In football, Big Data plays a vital role across various areas of analysis, from scouting potential talent to preparing for rivals.
However, one of the most important applications of data is understanding your own team’s performance and how it fits into the broader competitive environment.
By using data to evaluate everything from tactical decisions to individual player contributions, teams can enhance their game model and make data-driven improvements.
In this post, we’ll break down;
- how teams can use data to analyze their own performance,
- what key factors to consider, and
- how this insight can help optimize a team’s game model.
Step 1: Understanding Your Teams Competitive Environment
The first step in using data to analyze your own team is understanding its specific situation within the competitive environment.
This requires looking at whether the fundamentals of your team’s game model align with the demands of the competition.
For instance, if your team focuses on high pressing but plays in a league where direct play from the goalkeeper dominates, your tactics may be out of sync with the competition.
It’s essential to assess whether the team’s game model matches the realities of the league.
Analyzing your team in context involves understanding the predominant game styles of the competition—whether they are direct or combinative—and knowing the characteristics of rival teams, from their physical abilities to their tactical setups.
2: Analyze your Teams Performance with the Ball
When analyzing a team’s performance with the ball, certain key factors should be taken into account to ensure a complete understanding of the team’s offensive strategy. Here are some examples of what data can reveal:
- Risk-taking through passing: Analyze whether the team is taking risks in its own half and how often those risks lead to lost possession.
- Partnerships: Examine how players work together inside and outside passing channels and how effectively they create space for progression.
- Pass distance and support play: Identify patterns of short versus long passes and the extent to which players support each other with the ball.
- Shot conversion and progression: Analyze how often the team enters the opponent’s final third, the quality of shots taken, and the overall goal conversion rate.
Using data, coaches can break down these factors to improve decision-making on and off the ball, refining their tactical approach based on the strengths and weaknesses identified through analysis.
3. Analyse What Happens Without the Ball
On the defensive side, analyzing moments without the ball is equally important. Here, coaches focus on the team’s defensive positioning, how compact the lines are, and how effectively the team recovers the ball. Key data points to track include:
- Defensive line positioning: Is the team maintaining a low, medium, or high block based on the opposition’s setup?
- Ball recoveries: How many times does the team win the ball in the opponent’s half? Does the team press in pairs, threes, or a collective unit?
- Aerial duels and second plays: Track the number of aerial duels won, particularly by center-backs and forwards, as well as how well the team handles second balls.
This detailed defensive analysis helps coaches make data-driven adjustments, whether it’s tightening the space between the defensive line and the goalkeeper or shifting to a higher press based on match context.
4. Tailoring the Game Model Over Time
A game model is a structured set of criteria that regulates how a team operates in various phases of play. However, it must be adaptable.
A team’s game model should evolve based on ongoing analysis of both the team and the competition.
Data helps identify when certain elements of the game model should be adjusted to better fit the competitive landscape without sacrificing the team’s overall philosophy.
For instance, tracking the possession-to-opportunity conversion rate can help determine whether a more direct style of play should be incorporated or whether maintaining a combinative passing approach yields better results in specific matchups.
5. Continuous Analysis Throughout the Season
To stay competitive, data analysis must be continuous throughout the season. By updating performance data after each match, teams can maintain a real-time understanding of how they stack up against their rivals.
Using tools like Tableau Public, clubs can create visualizations that offer insights into the team’s evolutionary or cumulative performance, allowing for immediate adjustments to the training process and tactical setups.

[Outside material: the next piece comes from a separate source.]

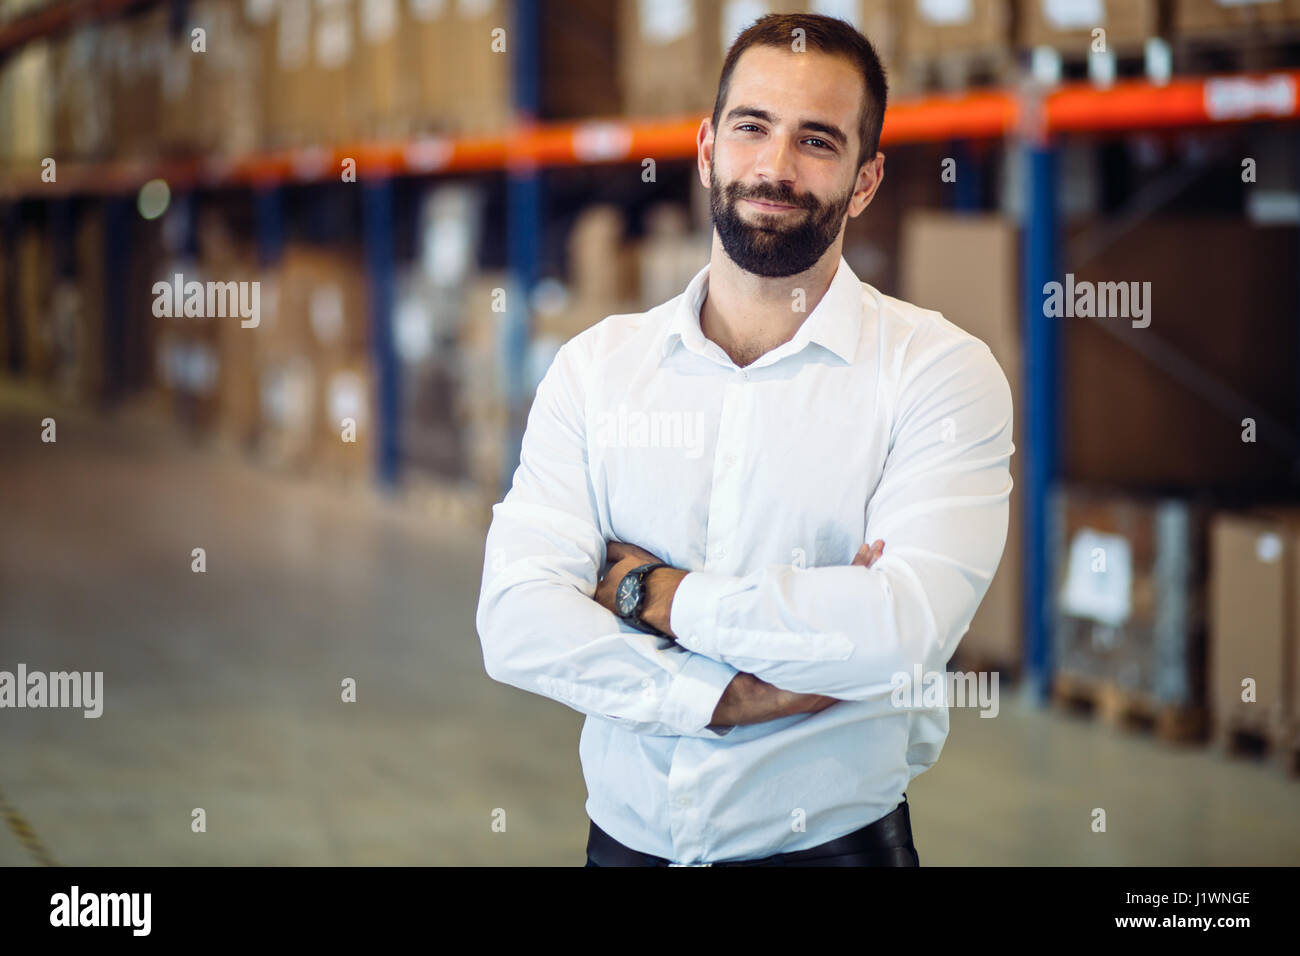 Logistics manager warehouse portrait - Stock Image

The ability to compare your own game model to that of other teams in the league not only helps identify areas for improvement but also provides valuable insight into the broader trends within the competition.
Conclusion
Analyzing your own team with Big Data provides a detailed, objective view of how well your game model fits within the competitive environment.
By tracking performance both with and without the ball, teams can refine their tactics, improve player coordination, and ensure that the team’s game model evolves based on real-time insights.
With continuous analysis, teams can adapt and grow, making data an essential tool in staying competitive throughout the season.